Trainers, by family: - Offline: SFTTrainer, DPOTrainer (plus CPO/KTO/ORPO/BCO). - Online (vLLM-accelerated): GRPOTrainer, RLOOTrainer, OnlineDPOTrainer, XPOTrainer, NashMDTrainer (plus PPOTrainer, without the vLLM path). - Reward modelling: RewardTrainer, PRMTrainer. - Distillation: GKDTrainer, MiniLLMTrainer.

Why use it¶

Simplest to start: a trainer is three lines: a model id, a dataset, trainer.train(). No cluster DSL.
Tight HF ecosystem: consumes datasets, any transformers checkpoint, Trainer callbacks, and the Hub directly.
Best for single-node / getting started: Accelerate scales it from one GPU upward without rewriting the loop; ideal for SFT, preference tuning, and small-to-mid GRPO runs.
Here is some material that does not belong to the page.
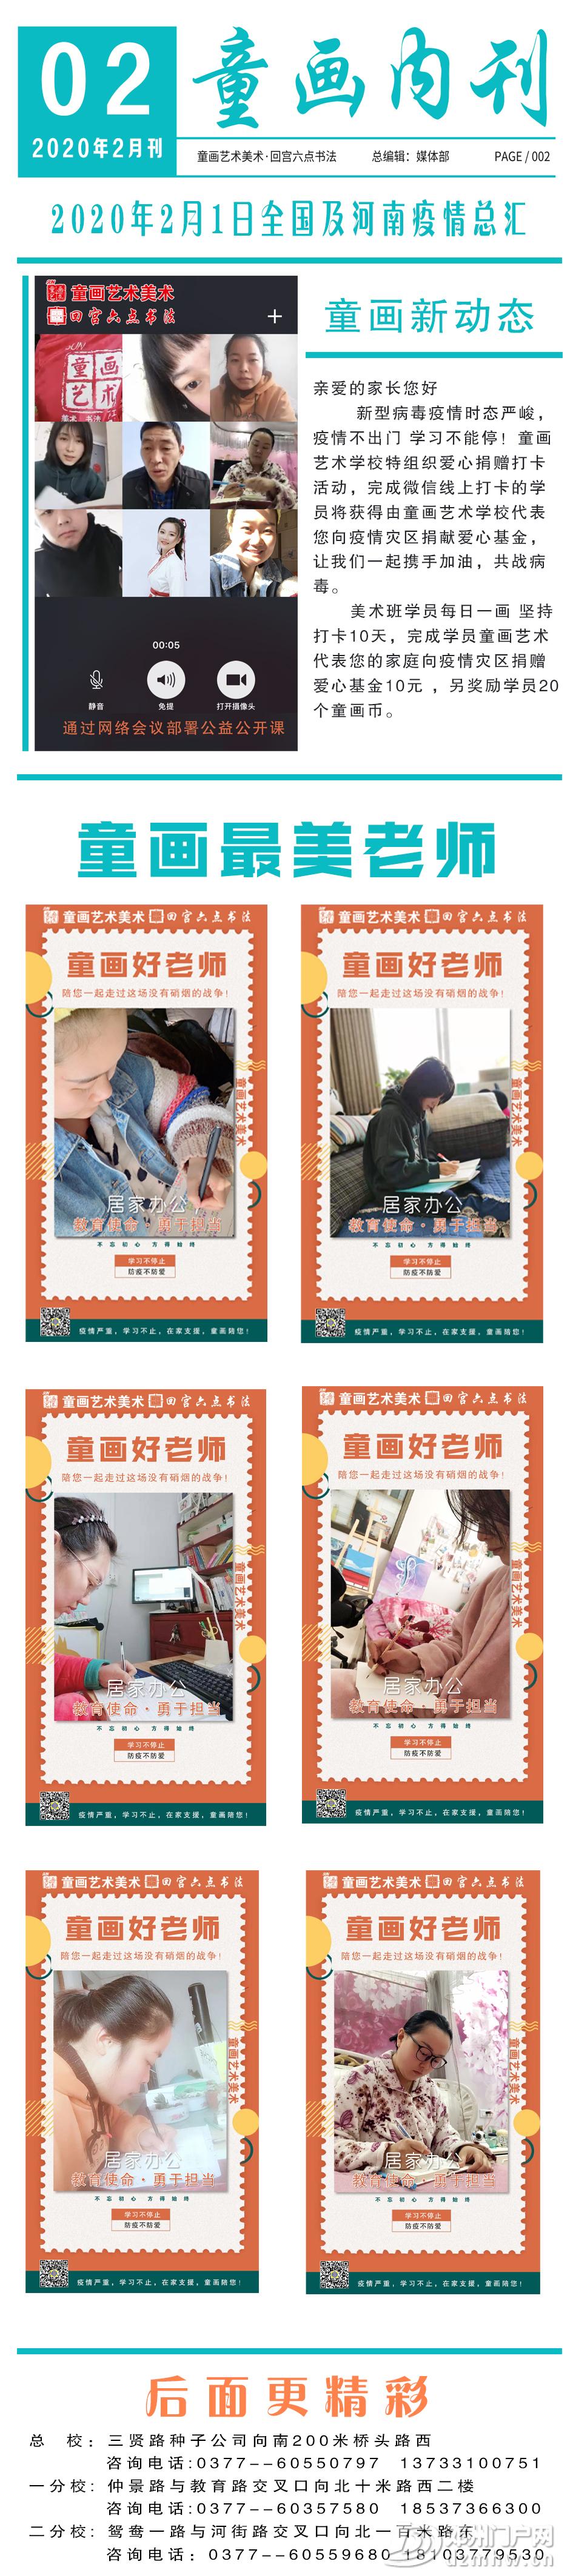 童画线上公益活动课 - 邓州门户网|邓州网 - 02长图2.jpg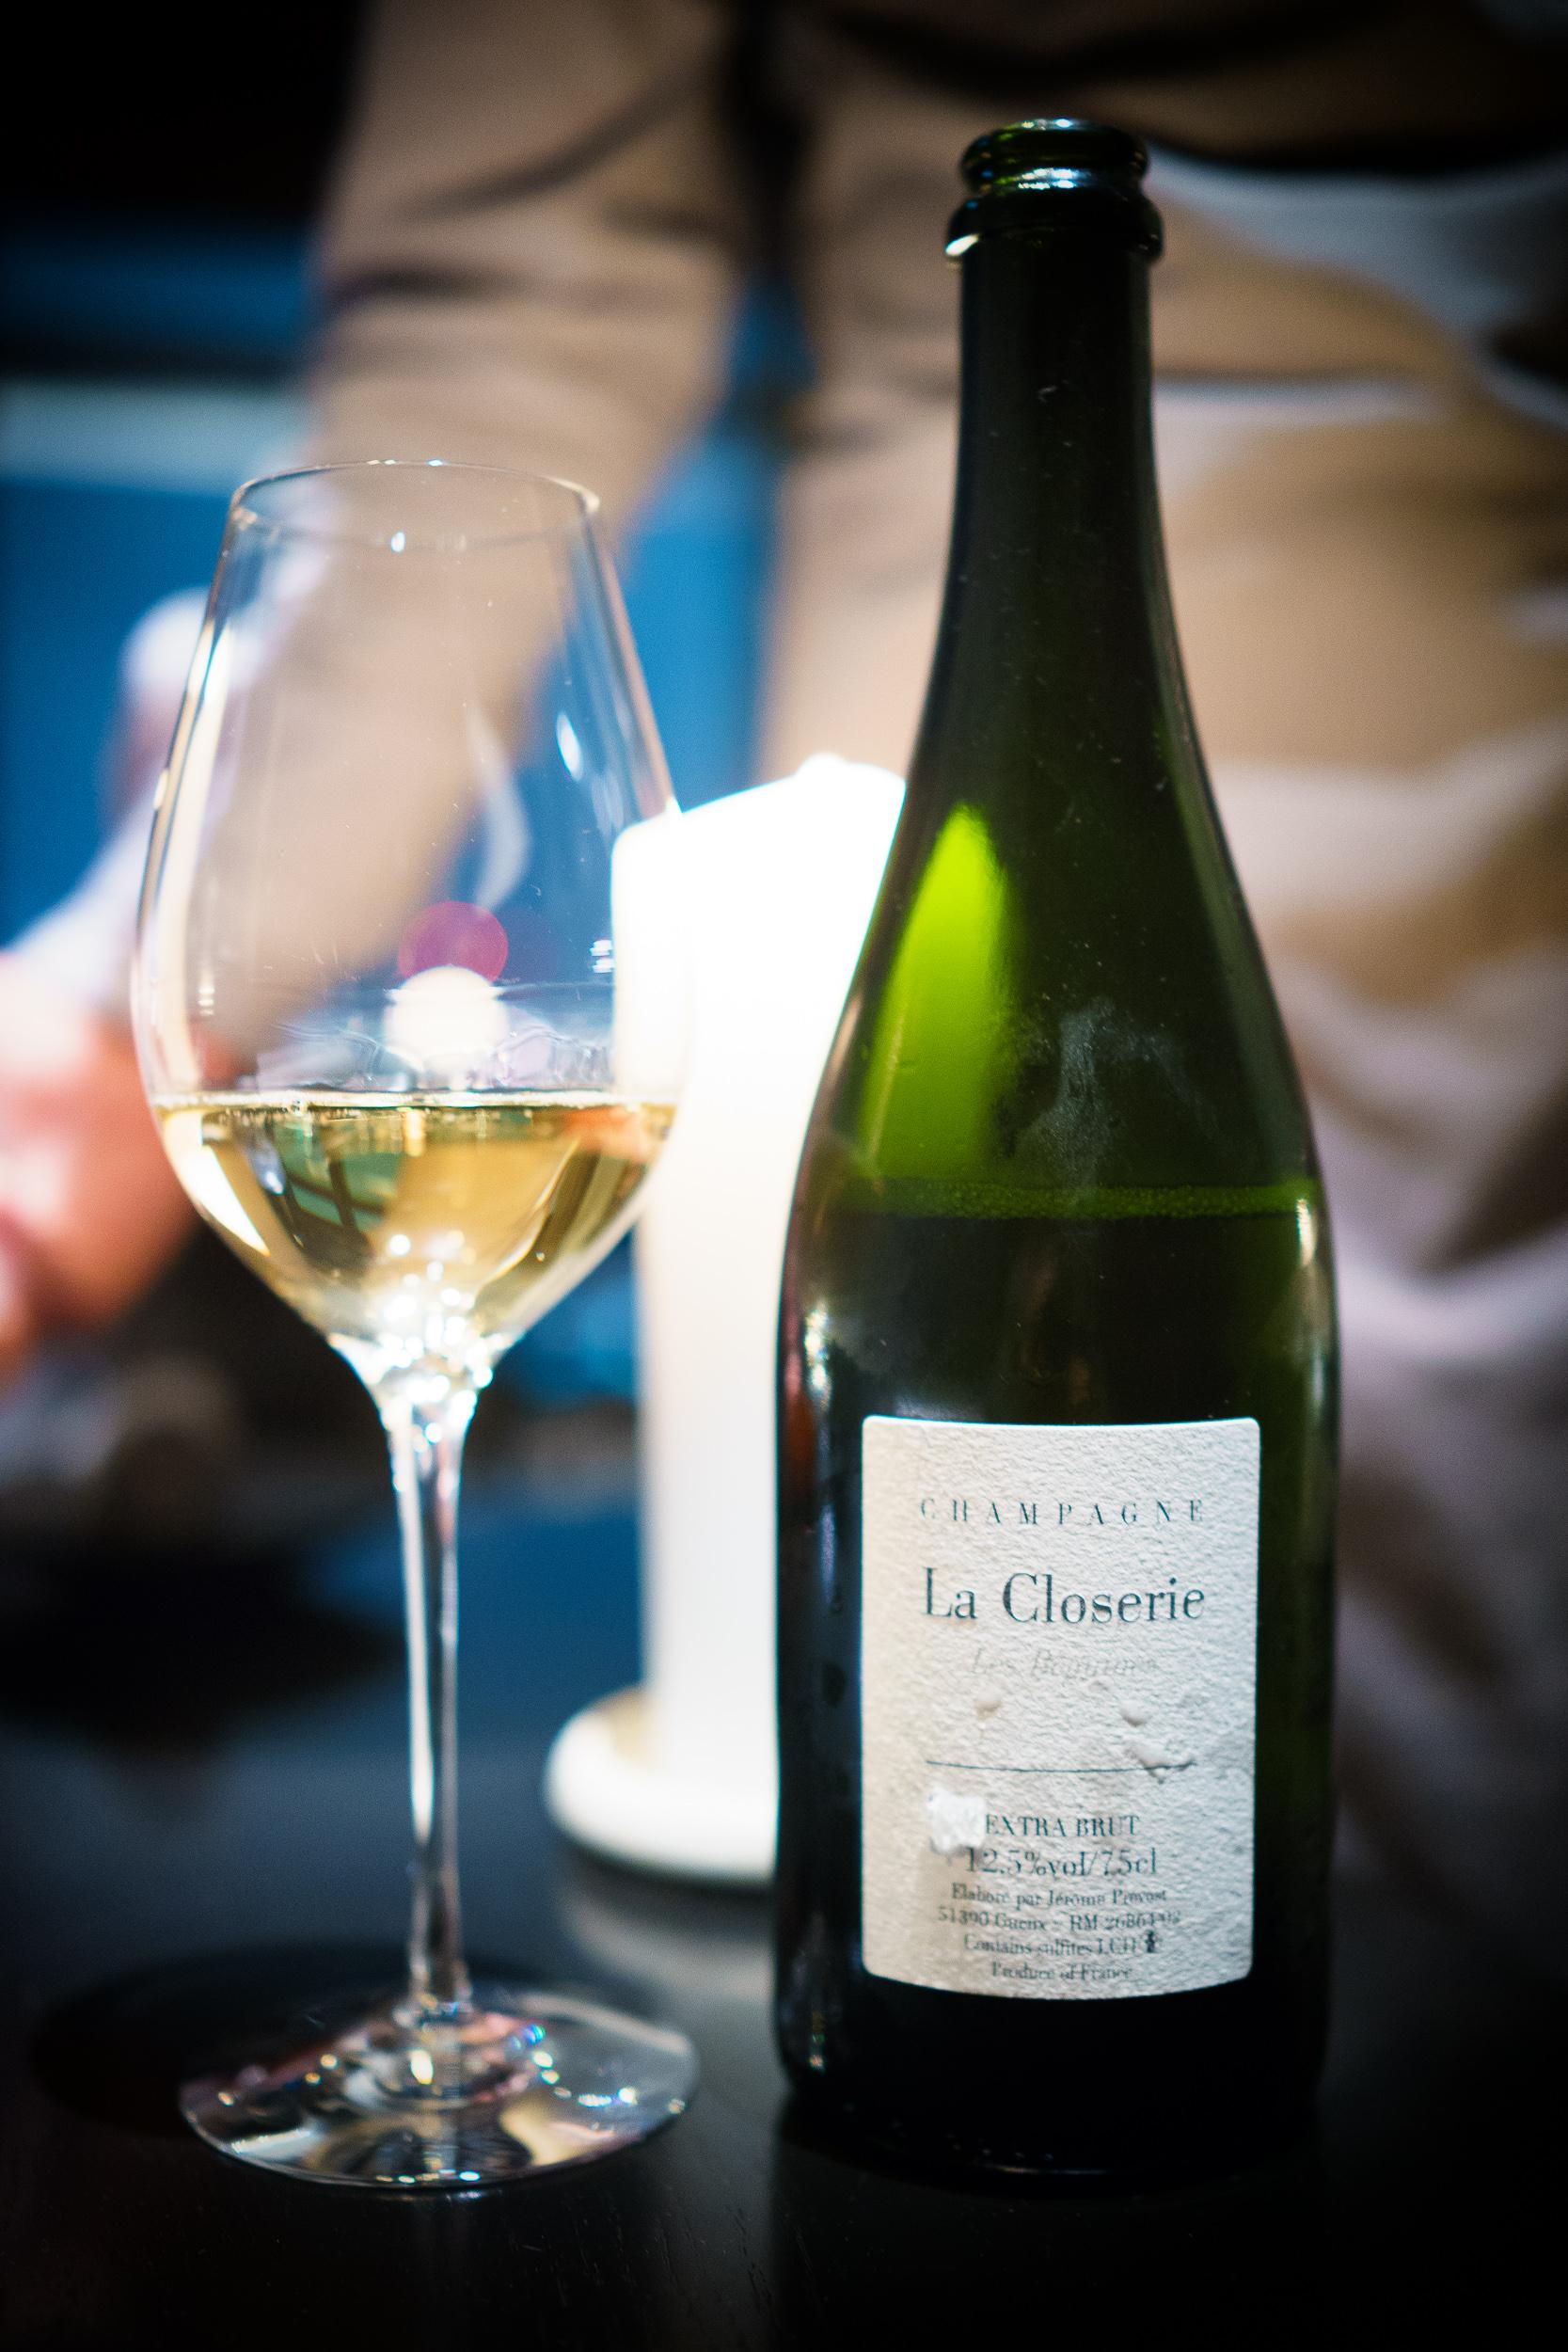 2010 Les Béguines, Jérome Prévost Gueux, Champagne

When to use it (and when not)¶

Use TRL for SFT/DPO/reward-model training, prototyping a GRPO recipe, LoRA/QLoRA on modest hardware, and single-node or small multi-node jobs where the HF Trainer is sufficient.
Prefer the large-scale Ray libraries when the job needs disaggregated async rollouts, Megatron-scale parallelism, or thousand-GPU orchestration: verl (verl), slime (slime), SkyRL (SkyRL), OpenRLHF (OpenRLHF), NeMo-RL (NeMo-RL). TRL has no Ray controller and colocates by design.
Landscape and selection guidance in RL libraries.

Architecture¶

flowchart TB
  subgraph Acc["Accelerate launch (DDP / FSDP / DeepSpeed)"]
    TR["HF Trainer: SFT / DPO / GRPO"]
    PEFT["PEFT adapters (LoRA / QLoRA)"]
  end
  DS["datasets (HF Hub)"] --> TR
  TR --- PEFT
  subgraph Roll["Online methods only"]
    VS["vLLM server (trl vllm-serve)"]
  end
  TR -.->|"prompts (use_vllm=True)"| VS
  VS -.->|"completions"| TR

How to use it¶

Install, then pick a trainer. SFT is the baseline.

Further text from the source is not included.